(Information shown begins)
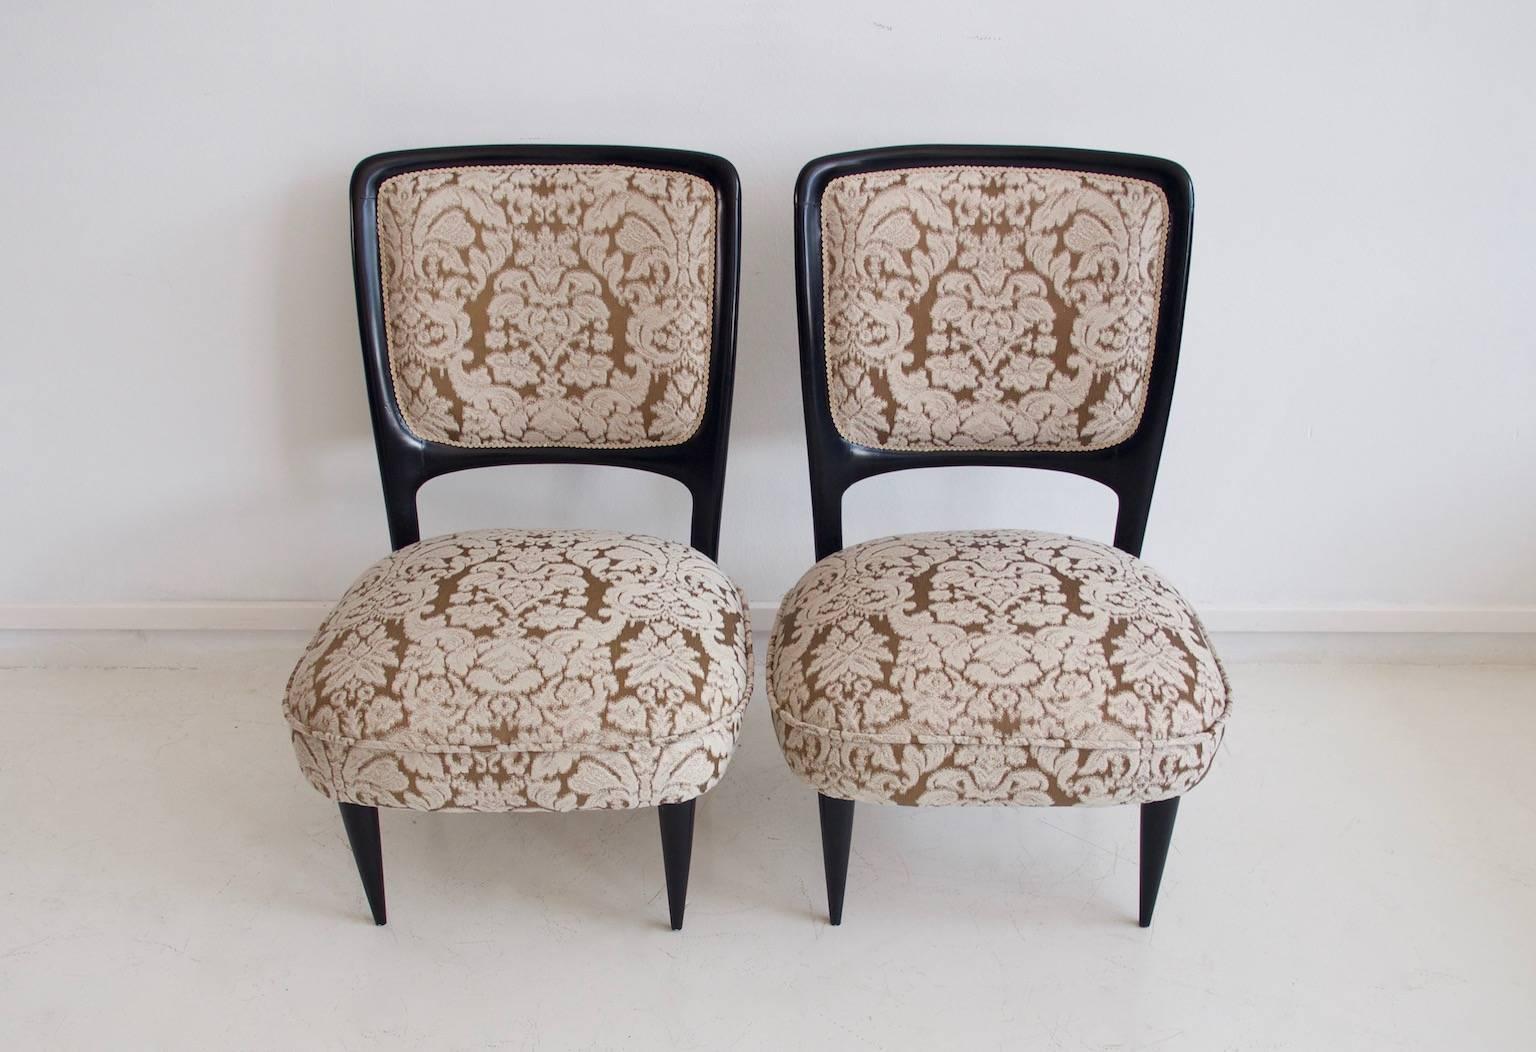 Pair of Italian chairs from circa 1950s. Frame of mahogany wood, renewed padded seats and back. The chairs are handmade and the dimensions of each of them are slightly different for that reason. The dimensions of the small chair are 60 cm depth x 59
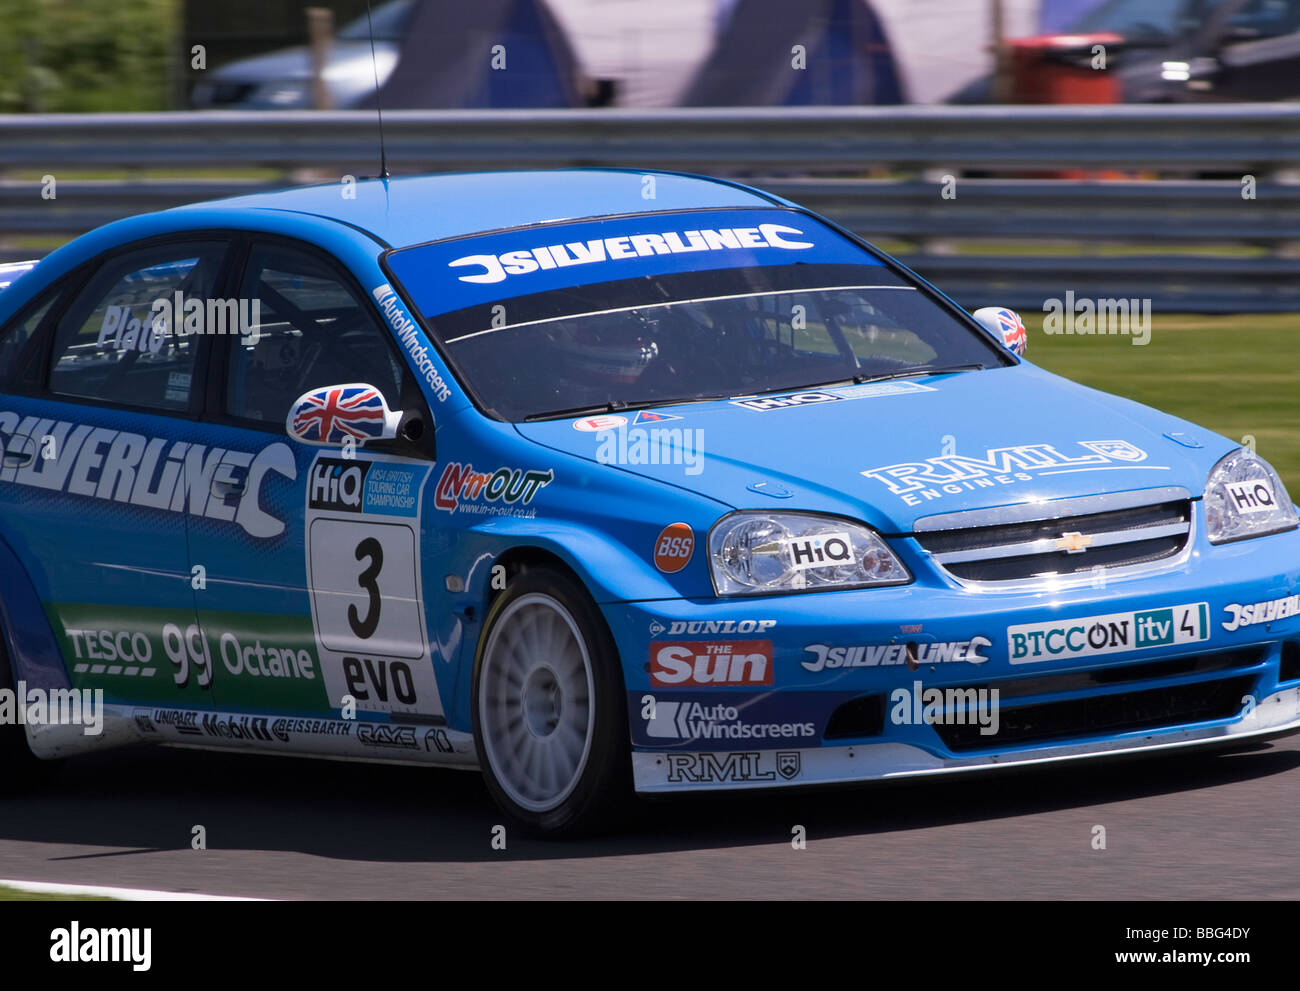 Pale Blue Racing Silverline Chevrolet Lacetti Race Car in British Touring  Car Championship at Oulton Park Cheshire England Stock Photo - Alamy
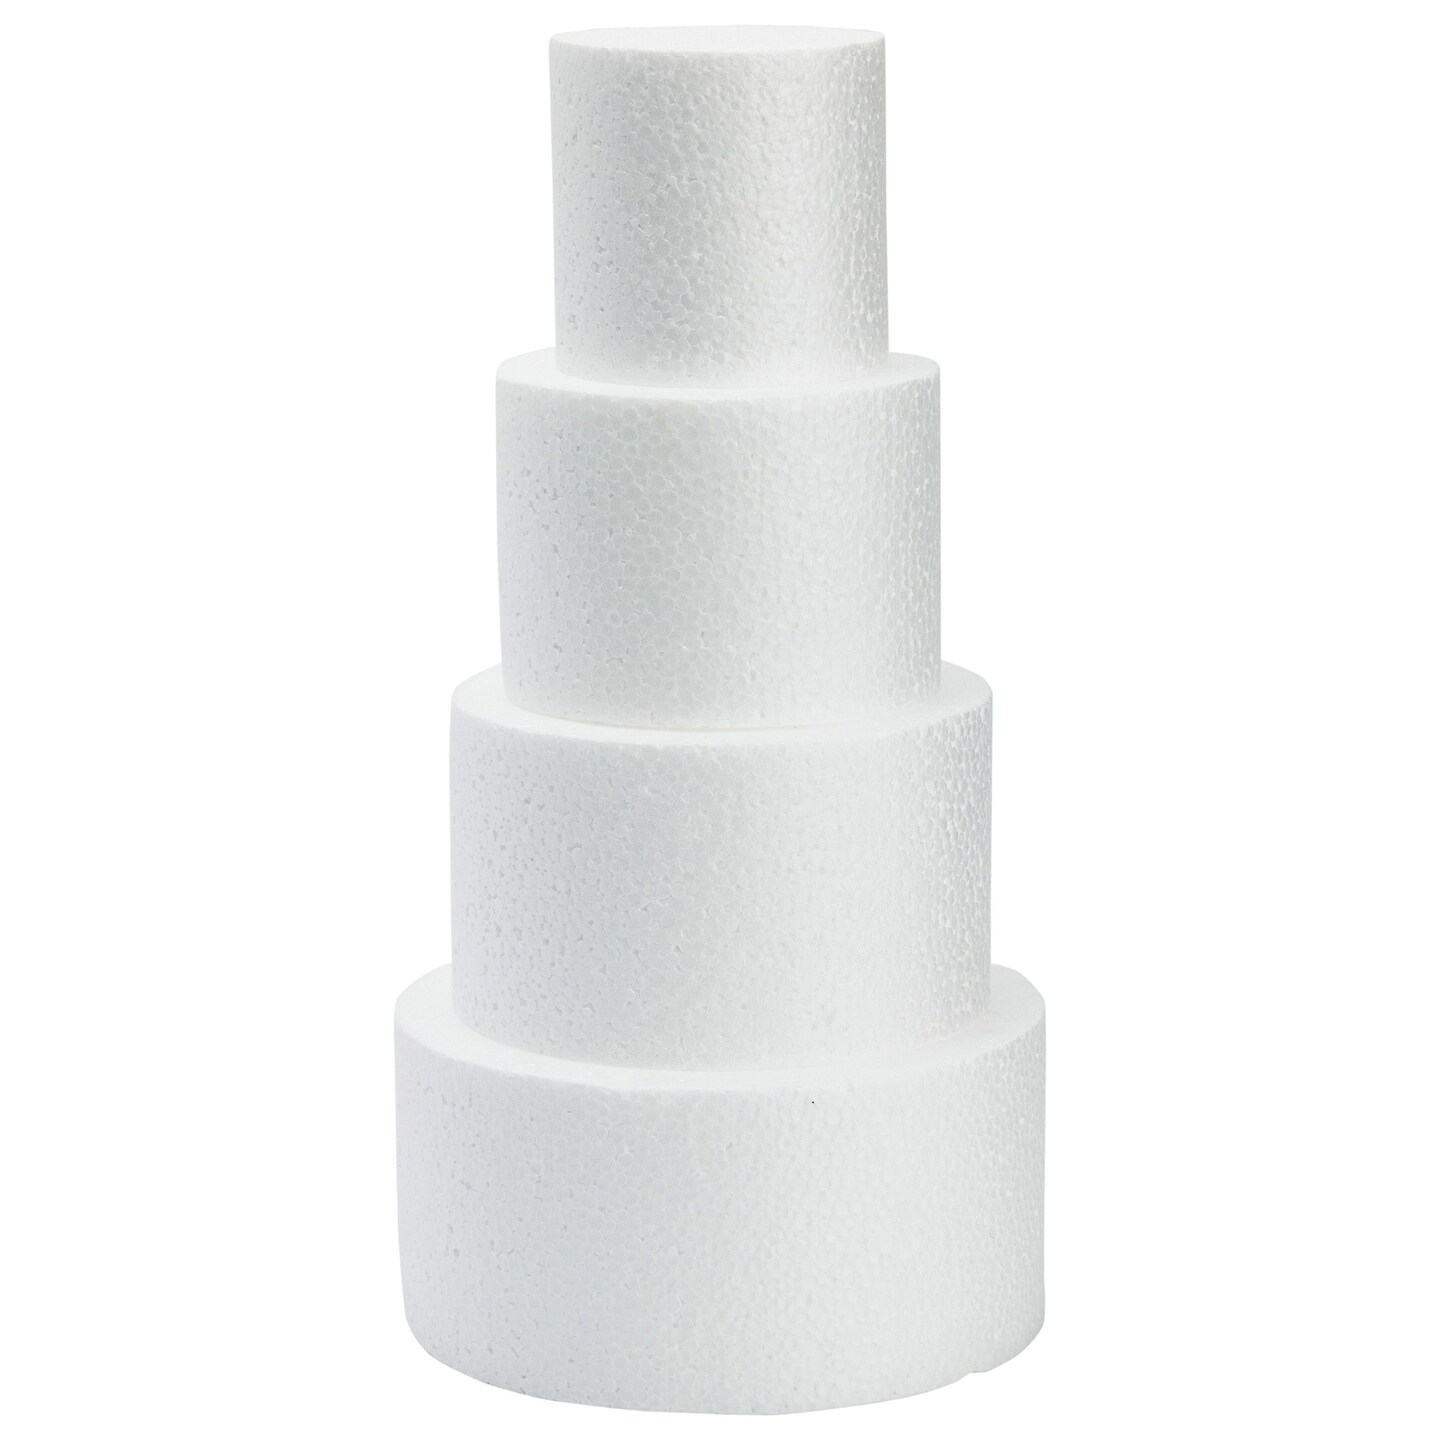 4 Piece Round Foam Cake Dummies for 12 Tall Fake Wedding Cake in 4 Sizes,  for Decorating and Crafts (3, 4, 5, and 6 In)
(Information shown ends)
Problem details.
Restate every line of the data above word for word, with the images removed.

Finished exercise.
 Pair of Italian chairs from circa 1950s. Frame of mahogany wood, renewed padded seats and back. The chairs are handmade and the dimensions of each of them are slightly different for that reason. The dimensions of the small chair are 60 cm depth x 59
 Pale Blue Racing Silverline Chevrolet Lacetti Race Car in British Touring  Car Championship at Oulton Park Cheshire England Stock Photo - Alamy
 4 Piece Round Foam Cake Dummies for 12 Tall Fake Wedding Cake in 4 Sizes,  for Decorating and Crafts (3, 4, 5, and 6 In)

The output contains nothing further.